Print, exactly as they stand, the lines below from the one that has "Myindy-TV 23 ADDS" to the one that has "Extra Creamy +", inclusive, leaving out the pictures.

[MATERIAL SHOWN]
☆ ☆ ☆ ☆ ☆ ☆ ☆

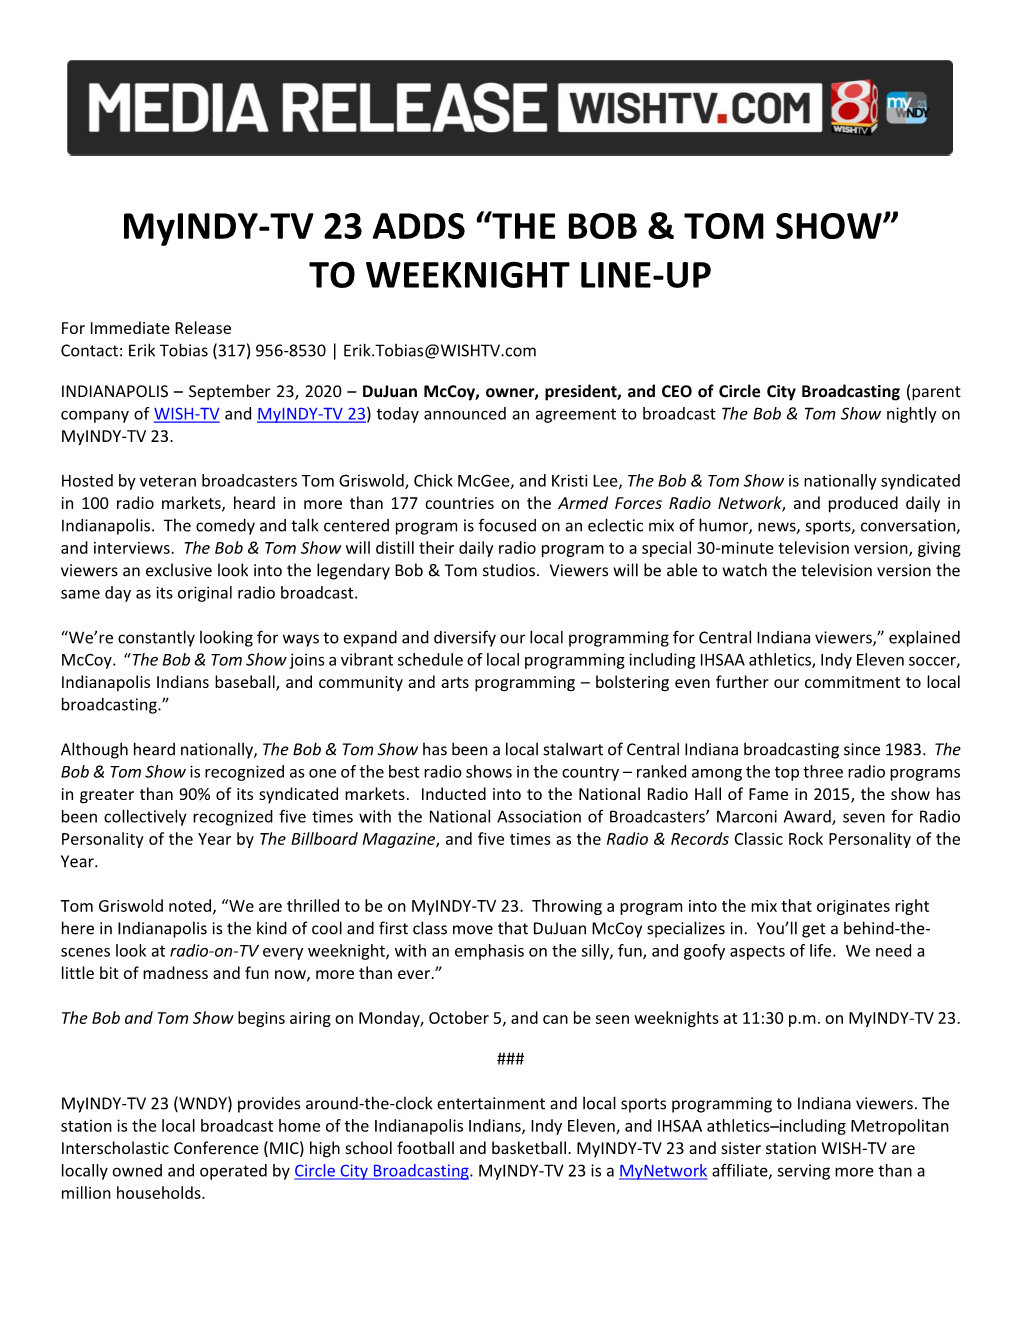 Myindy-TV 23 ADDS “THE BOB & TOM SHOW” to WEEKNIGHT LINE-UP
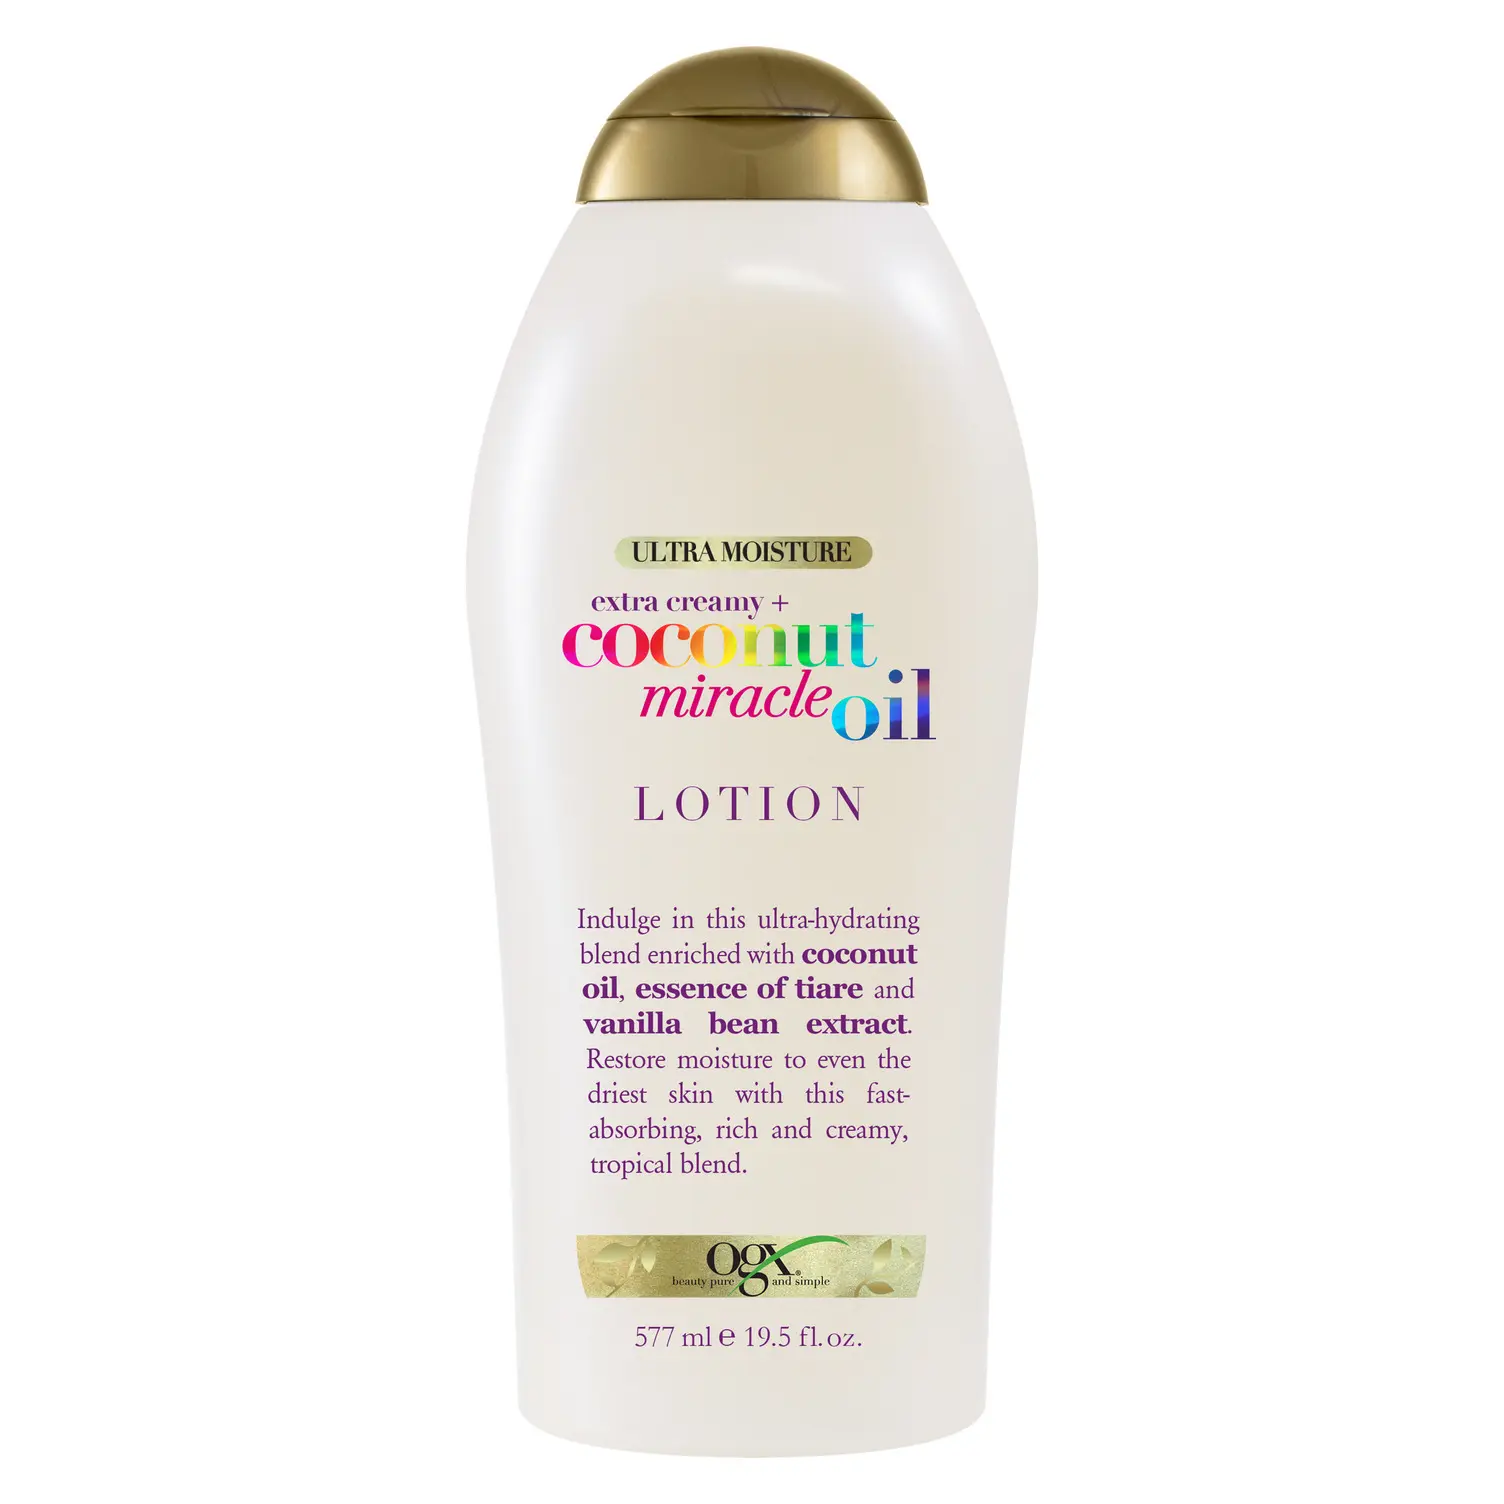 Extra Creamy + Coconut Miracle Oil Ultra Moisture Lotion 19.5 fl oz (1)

☆ ☆ ☆ ☆ ☆ ☆ ☆

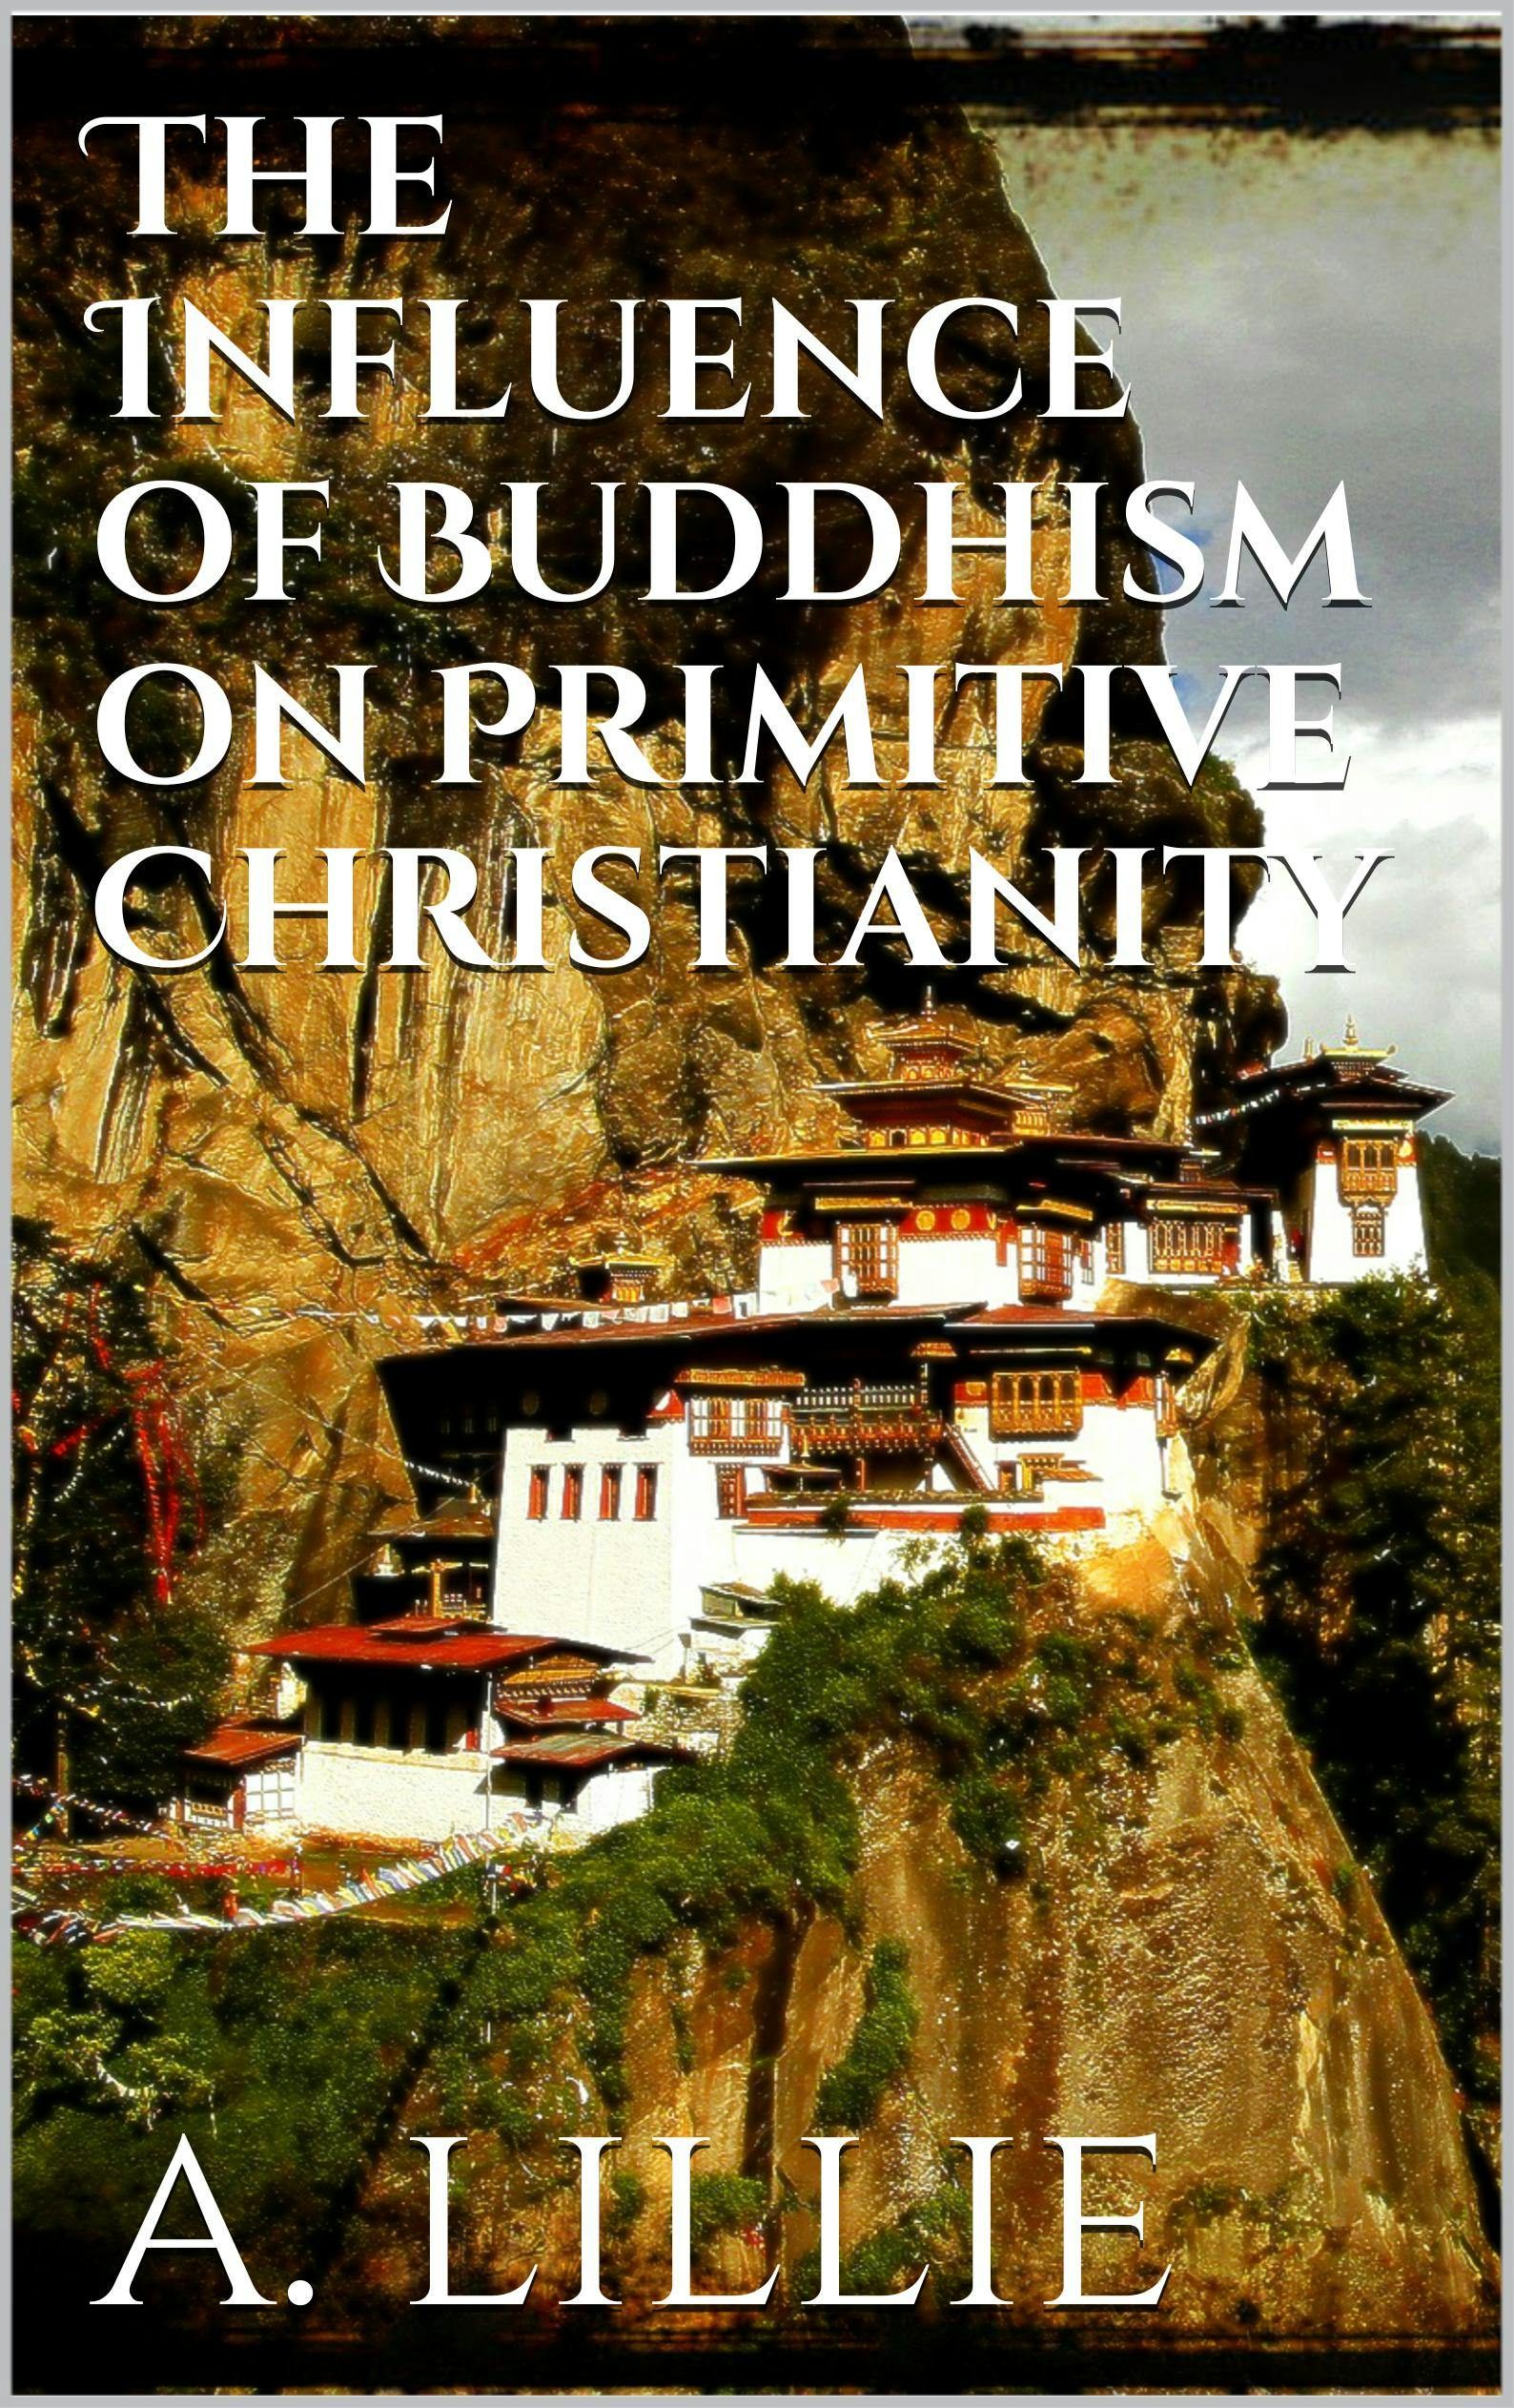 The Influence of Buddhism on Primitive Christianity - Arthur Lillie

☆ ☆ ☆ ☆ ☆ ☆ ☆

[ANSWER]
 Myindy-TV 23 ADDS “THE BOB & TOM SHOW” to WEEKNIGHT LINE-UP
 Extra Creamy + Coconut Miracle Oil Ultra Moisture Lotion 19.5 fl oz (1)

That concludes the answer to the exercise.